Вот та самая решетка, сквозь которую злая Конхита - или это была Долорес? - пустила губительную стрелу своих глаз в слонявшагося вокруг студента. И тридцатипятилетний человек, преждевременно поседевший и занимавший солидное положение, улыбаясь, пустился в обратный путь, забыв о тридцатилетней искательнице приключений, которая завела его сюда.

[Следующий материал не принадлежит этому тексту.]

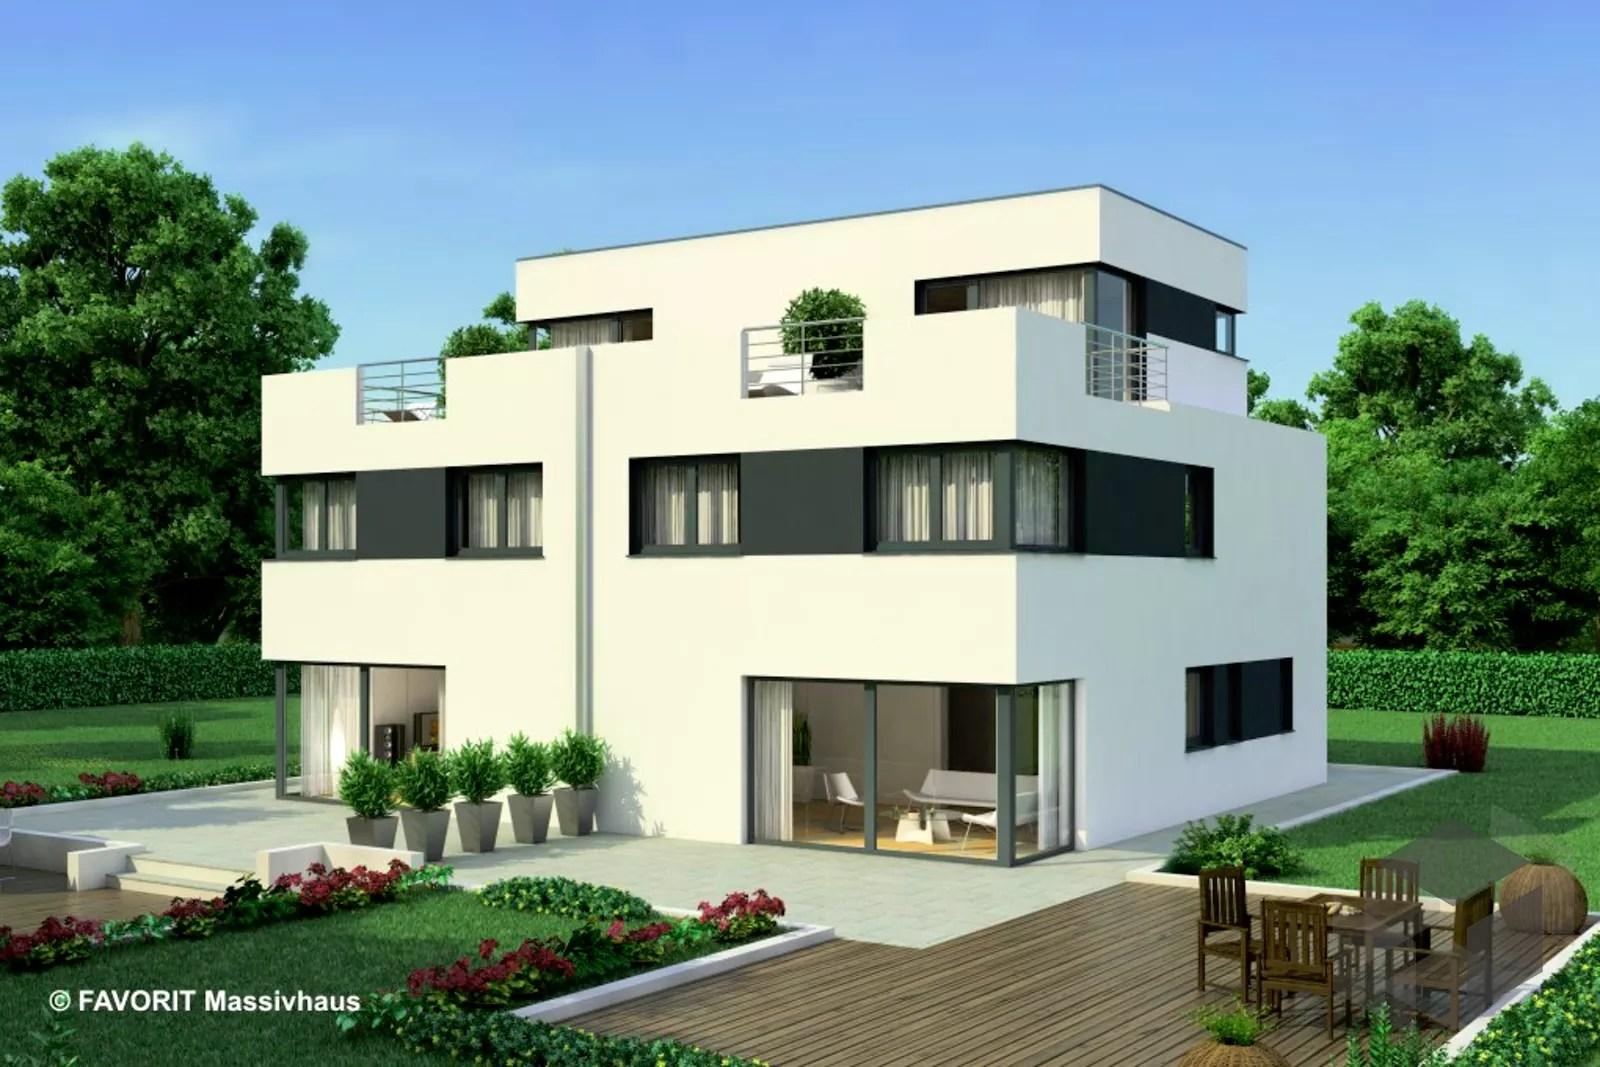 Finesse 166 Von Favorit Massivhaus | Komplette Datenübersicht

На следующее утро он спозаранку поднялся с постели и помчался в коллегию Сан-Хозе. Отец Сиприано, немного более пропитанный нюхательным табаком и немного более старый, чем прежде, пришел в восторг, узнав своего бывшого ученика. Значит, это правда, что он сделался владельцем рудников, и вот почему его волосы поседели! Дон-Пребль, конечно, не забыл, что богатство налагает большую ответственность и тяжелые заботы. Но в чем же дело? Кей хочет выписать сюда из восточных штатов племянницу и поместить ее в монастыре? Это, по его мнению, будет лучше всего? А, да! В этой юной стране воспитание может быть дано только церковью. И он хочет видеть мать-настоятельницу? Он, конечно, не забыл монастыря и молодых сеньорит, строгой дисциплины и наказаний. Право, только по особенной милости Мадонны он, отец Сиприано, еще не загнан в гроб этими безразсудными muchachоs (мальчиками). Тем не менее, взяв понюшку табаку и чихнув в свой красный носовой платок, он заявил Кею, что в полдень проведет его в монастырь.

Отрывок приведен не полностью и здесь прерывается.